Testing Handbook Skill Generator
Generate and maintain Claude Code skills from the Trail of Bits Testing Handbook.
When to Use
Invoke this skill when:
- Creating new security testing skills from handbook content
- User mentions "testing handbook", "appsec.guide", or asks about generating skills
- Bulk skill generation or refresh is needed
Do NOT use for:
- General security testing questions (use the generated skills)
- Non-handbook skill creation
Handbook Location
The skill needs the Testing Handbook repository. See discovery.md for full details.
Quick reference: Check ./testing-handbook, ../testing-handbook, ~/testing-handbook → ask user → clone as last resort.

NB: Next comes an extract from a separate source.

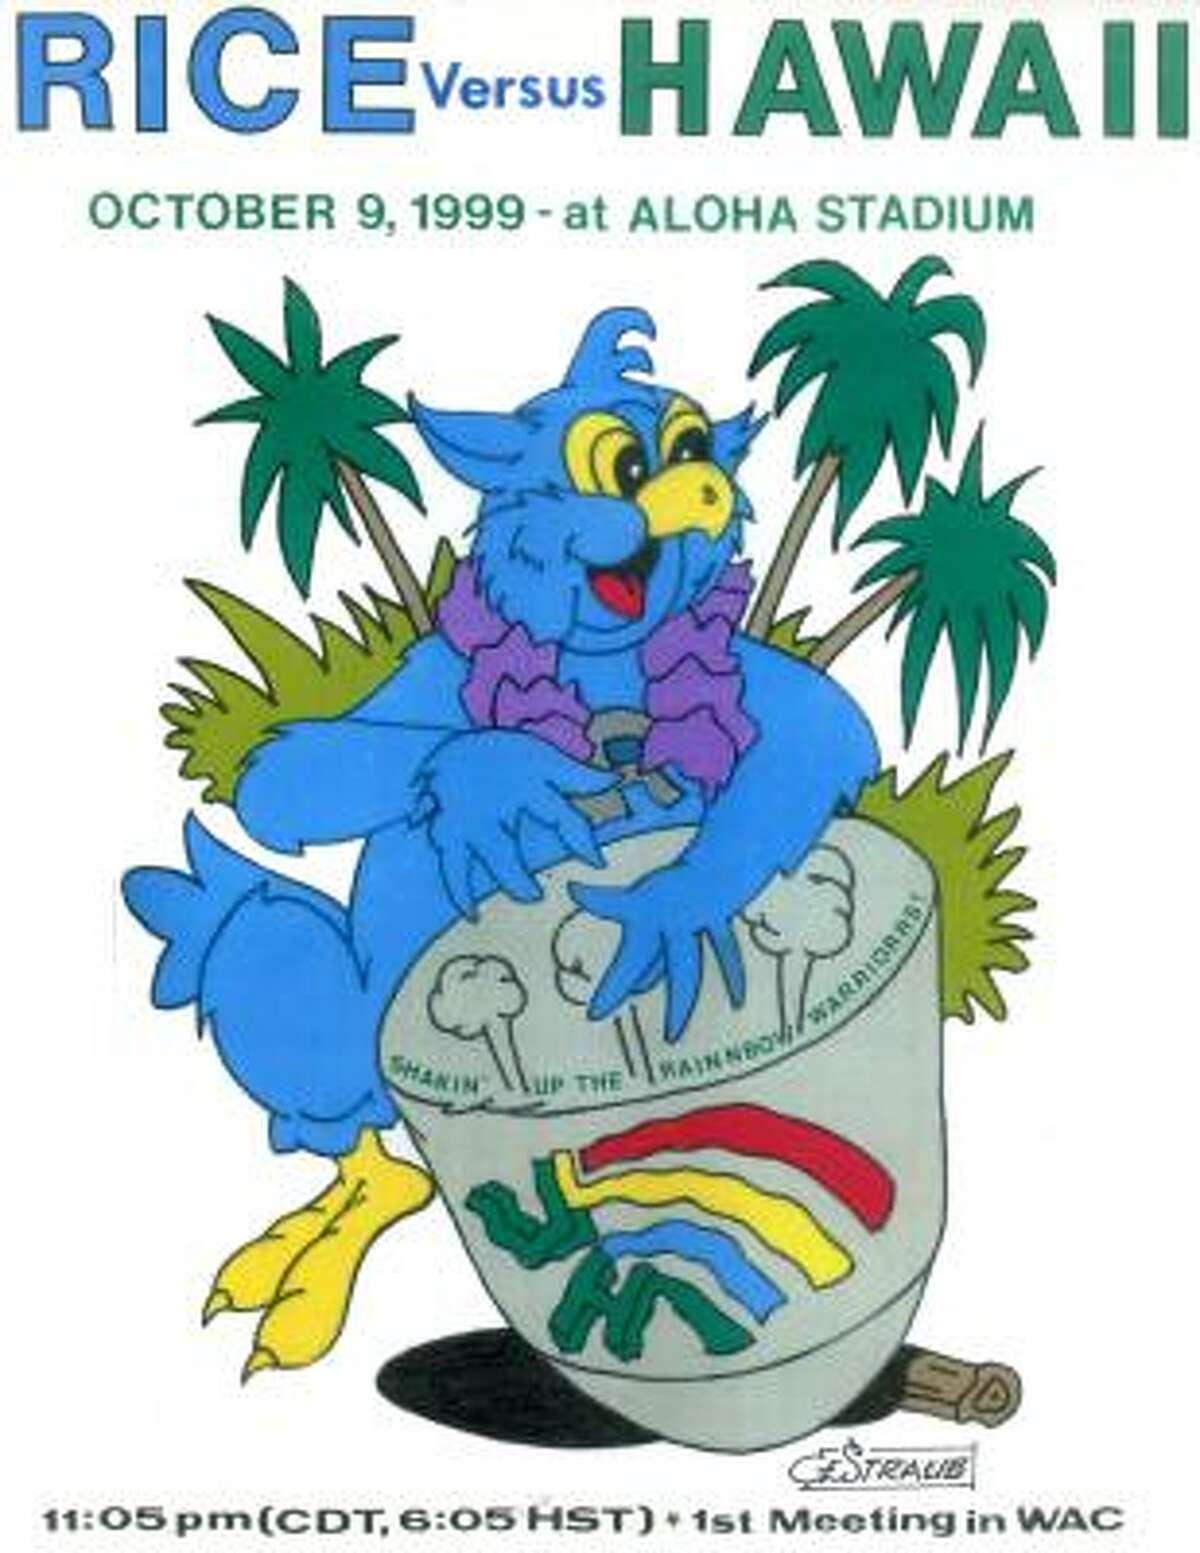 Rice vs. Hawaii (Oct. 9, 1999)

Repository: https://github.com/trailofbits/testing-handbook
Workflow Overview
Phase 0: Setup Phase 1: Discovery
┌─────────────────┐ ┌─────────────────┐
│ Locate handbook │ → │ Analyze handbook│
│ - Find or clone │ │ - Scan sections │
│ - Confirm path │ │ - Classify types│
└─────────────────┘ └─────────────────┘
↓ ↓
Phase 3: Generation Phase 2: Planning
┌─────────────────┐ ┌─────────────────┐
│ TWO-PASS GEN │ ← │ Generate plan │
│ Pass 1: Content │ │ - New skills │
│ Pass 2: X-refs │ │ - Updates │
│ - Write to gen/ │ │ - Present user │
└─────────────────┘ └─────────────────┘
↓
Phase 4: Testing Phase 5: Finalize
┌─────────────────┐ ┌─────────────────┐
│ Validate skills │ → │ Post-generation │
│ - Run validator │ │ - Update README │
│ - Test activation│ │ - Update X-refs │
│ - Fix issues │ │ - Self-improve │
└─────────────────┘ └─────────────────┘
Scope Restrictions
ONLY modify these locations:
plugins/testing-handbook-skills/skills/[skill-name]/*- Generated skills (as siblings to testing-handbook-generator)plugins/testing-handbook-skills/skills/testing-handbook-generator/*- Self-improvement- Repository root
README.md- Add generated skills to table
NEVER modify or analyze:
- Other plugins (
plugins/property-based-testing/,plugins/static-analysis/, etc.) - Other skills outside this plugin
Do not scan or pull into context any skills outside of testing-handbook-skills/. Generate skills based solely on handbook content and resources referenced from it.
Quick Reference
Section → Skill Type Mapping
| Handbook Section | Skill Type | Template |
|---|---|---|
/static-analysis/[tool]/ |
Tool Skill | tool-skill.md |
/fuzzing/[lang]/[fuzzer]/ |
Fuzzer Skill | fuzzer-skill.md |
/fuzzing/techniques/ |
Technique Skill | technique-skill.md |
/crypto/[tool]/ |
Domain Skill | domain-skill.md |
/web/[tool]/ |
Tool Skill | tool-skill.md |
Skill Candidate Signals
| Signal | Indicates |
|---|---|
_index.md with bookCollapseSection: true |
Major tool/topic |
| Numbered files (00-, 10-, 20-) | Structured content |
techniques/ subsection |
Methodology content |
99-resources.md or 91-resources.md |
Has external links |
Exclusion Signals
| Signal | Action |
|---|---|
draft: true in frontmatter |
Skip section |
| Empty directory | Skip section |
| Template/placeholder file | Skip section |
Decision Tree
Starting skill generation?
├─ Need to analyze handbook and build plan?
│ └─ Read: discovery.md
│ (Handbook analysis methodology, plan format)
│
├─ Spawning skill generation agents?
│ └─ Read: agent-prompt.md
│ (Full prompt template, variable reference, validation checklist)
│
├─ Generating a specific skill type?
│ └─ Read appropriate template:
│ ├─ Tool (Semgrep, CodeQL, Burp) → templates/tool-skill.md
│ ├─ Fuzzer (libFuzzer, AFL++) → templates/fuzzer-skill.md
│ ├─ Technique (harness, coverage) → templates/technique-skill.md
│ └─ Domain (crypto, web) → templates/domain-skill.md
│
├─ Validating generated skills?
│ └─ Run: scripts/validate-skills.py
│ Then read: testing.md for activation testing
│
├─ Finalizing after generation?
│ └─ See: Post-Generation Tasks below
│ (Update main README, update Skills Cross-Reference, self-improvement)
│
└─ Quick generation from specific section?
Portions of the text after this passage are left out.